@Lars_Simon_Zehnder Yeah, that’s my thought as well - I guess my question is if I have to implement a custom policy for this, or if there’s an easier way?

@mgerstgrasser if you can be hacky than you might implement it by using the callback on_create_policy() and overwrite the loss function such that it contains also an entropy term.

@Lars_Simon_Zehnder Ah, that’s an interesting idea - I’ll see if that works; I suppose doing a custom policy is also not that much harder.

While I have your attention, another quick question for my understanding: In PPO, we do curr_entropy = curr_action_dist.entropy()
So I assume the bigger curr_entropy is, the more entropy in the policy, i.e. the more exploration.
And then in the loss calcuation we do total_loss = ... - self.entropy_coeff * curr_entropy
Am I reading that correctly that if self.entropy_coeff is positive, then larger entropy is penalized more? Or in other words, if I want to encourage exploration, I should set entropy_coff < 0? Or am I mixing something up with the signs here somewhere?

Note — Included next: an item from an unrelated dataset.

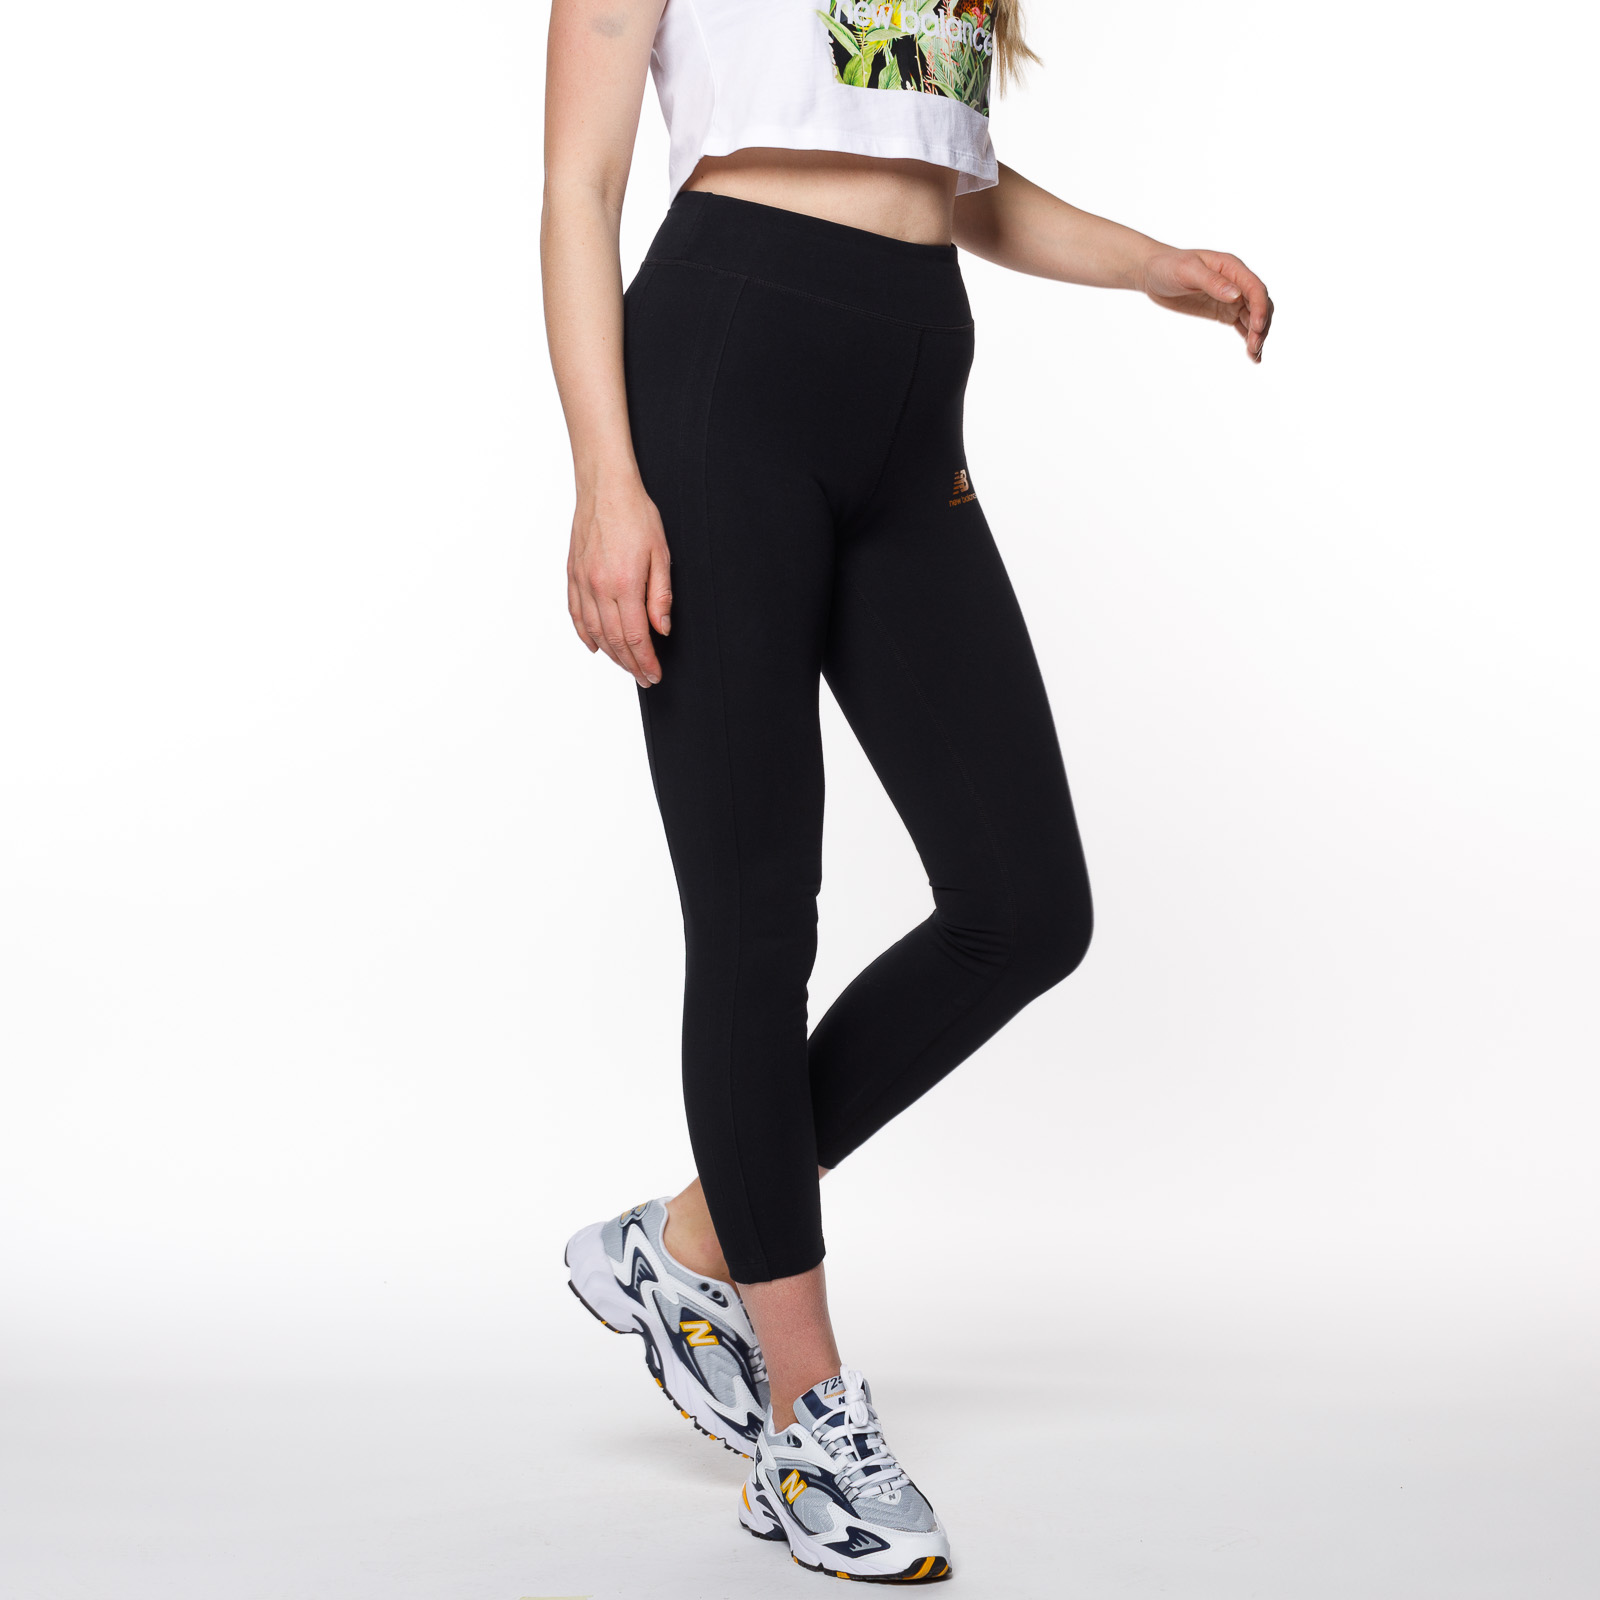 New Balance Relentless leggings in black with contrast waistband -  exclusive to ASOS | ASOS
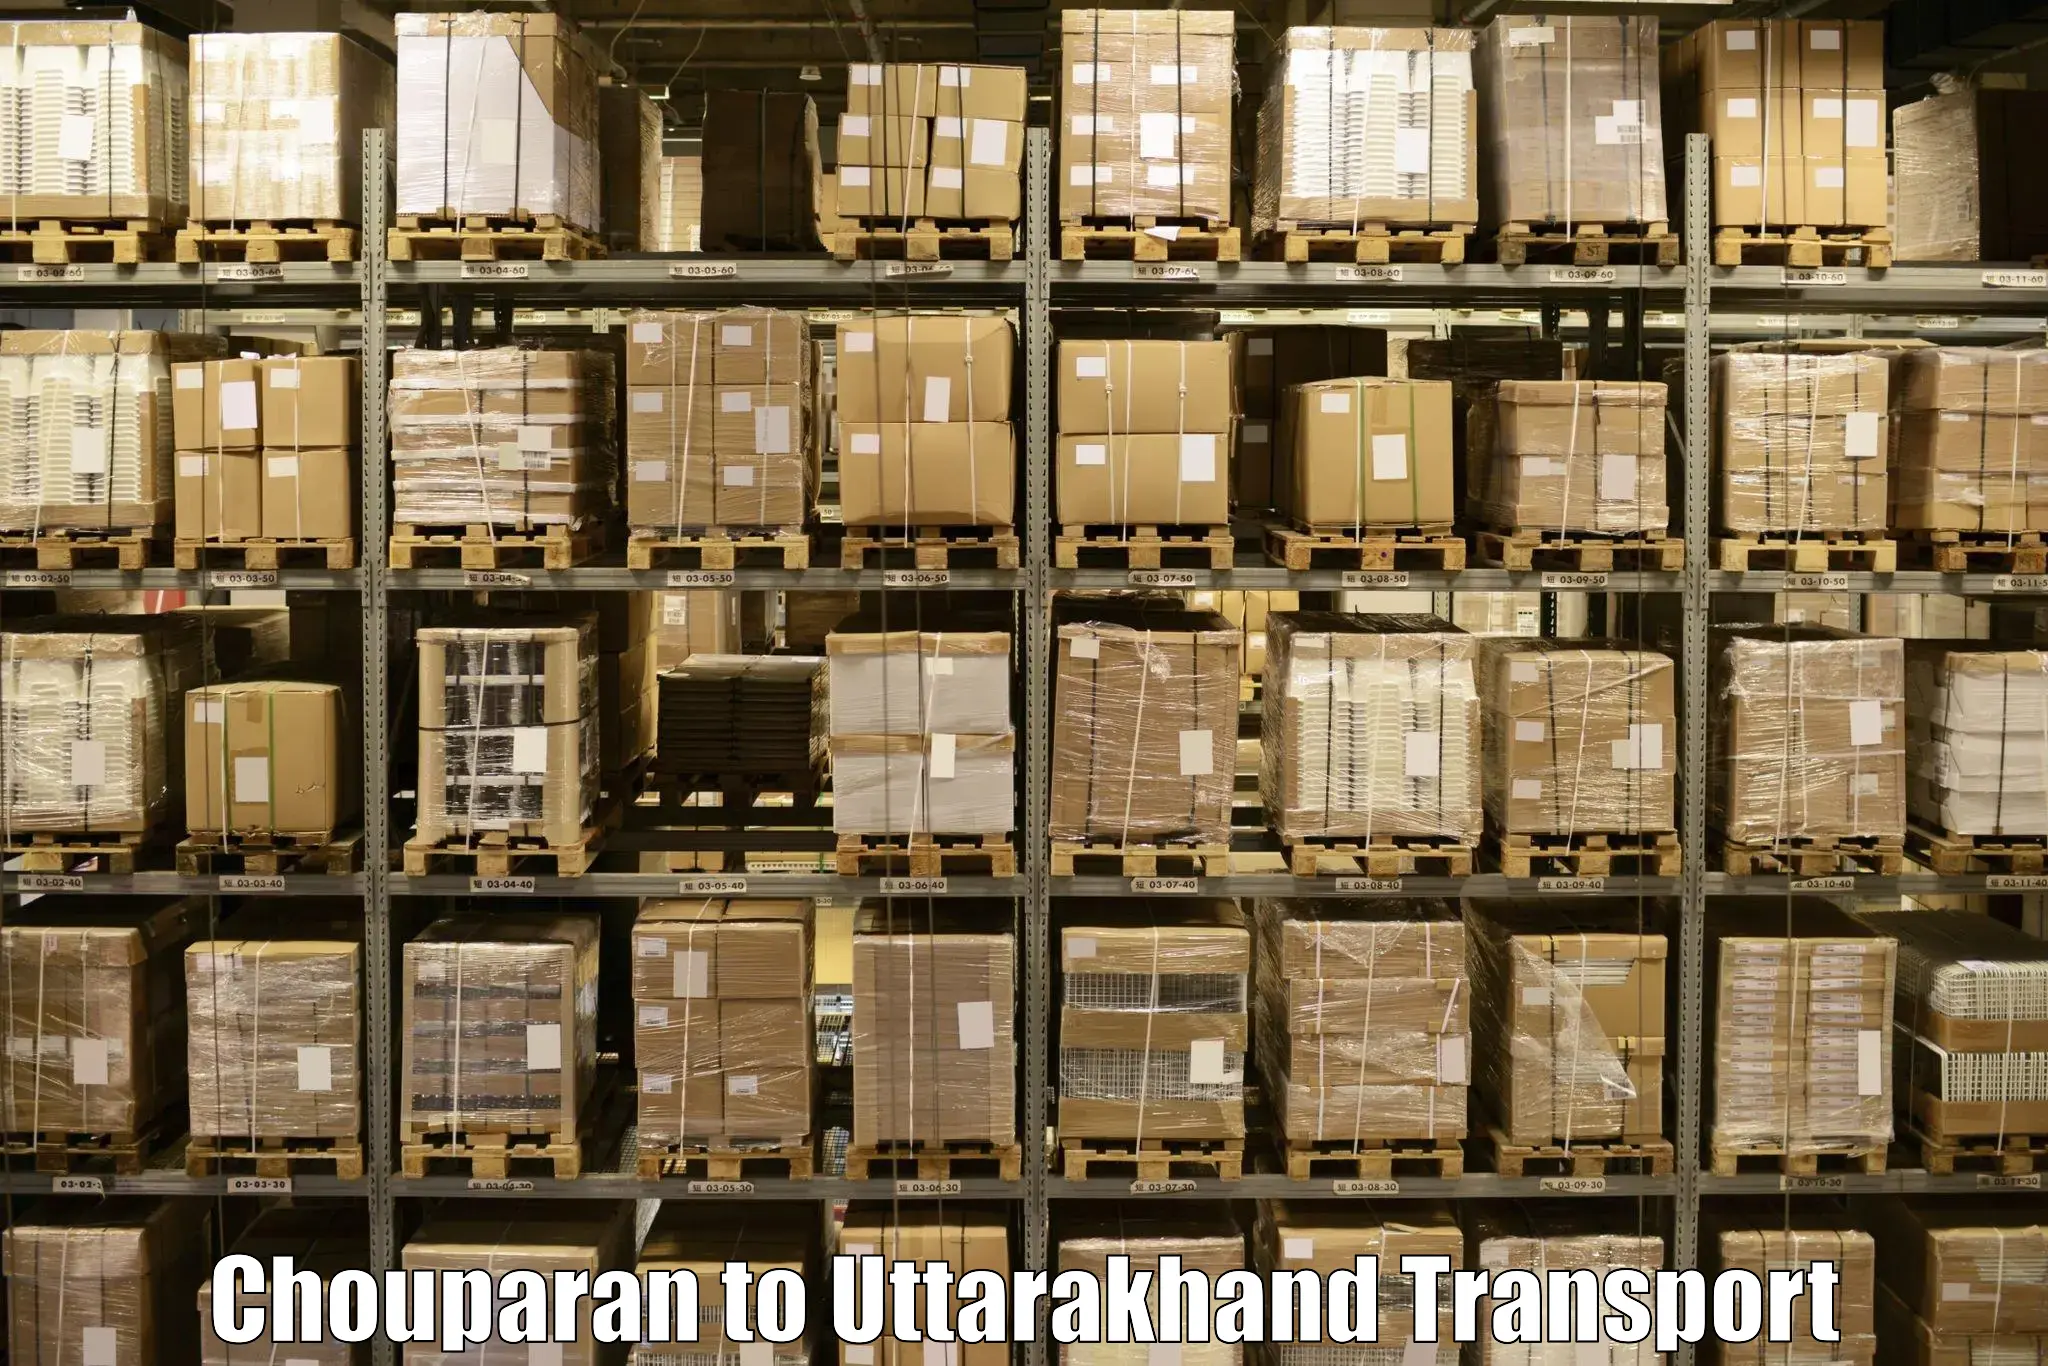 Truck transport companies in India Chouparan to Uttarakhand

@mgerstgrasser no it isn’t. Just inherit from the PGPolicy and override the loss(). If you need then a coefficient schedule, you can use a mixin.

Yup, that is tricky. If you look into the paper you see that what PPO does is it maximizes a surrogate objective. As we minimize in the Policy the surrogate objective is set negative and so is the entropy loss - more entropy is better. Hope that clarifies it.

Perhaps this will help explain why the entropy coefficient should be positive.

The goal of an entropy maximization regularizer is that increase the entropy of the action logits produced by the policy. If we were optimizing with gradient asscent then a larger entropy would be better.

But the optimizers we use in DL libraries (Adam, sgd, etc) perform gradient descent not ascent. So instead we attempt minimize a loss function.

This of course means that larger values are worse but we have a mismatch because we want higher entropy to be better. The easiest way to make larger entropy values worse is to negate them. (5 > 0.2) but (-5 < -0.2)

You will see this used regularly in RL, and DL for that matter, where we convert gradient ascent of into gradient descent by negating the term.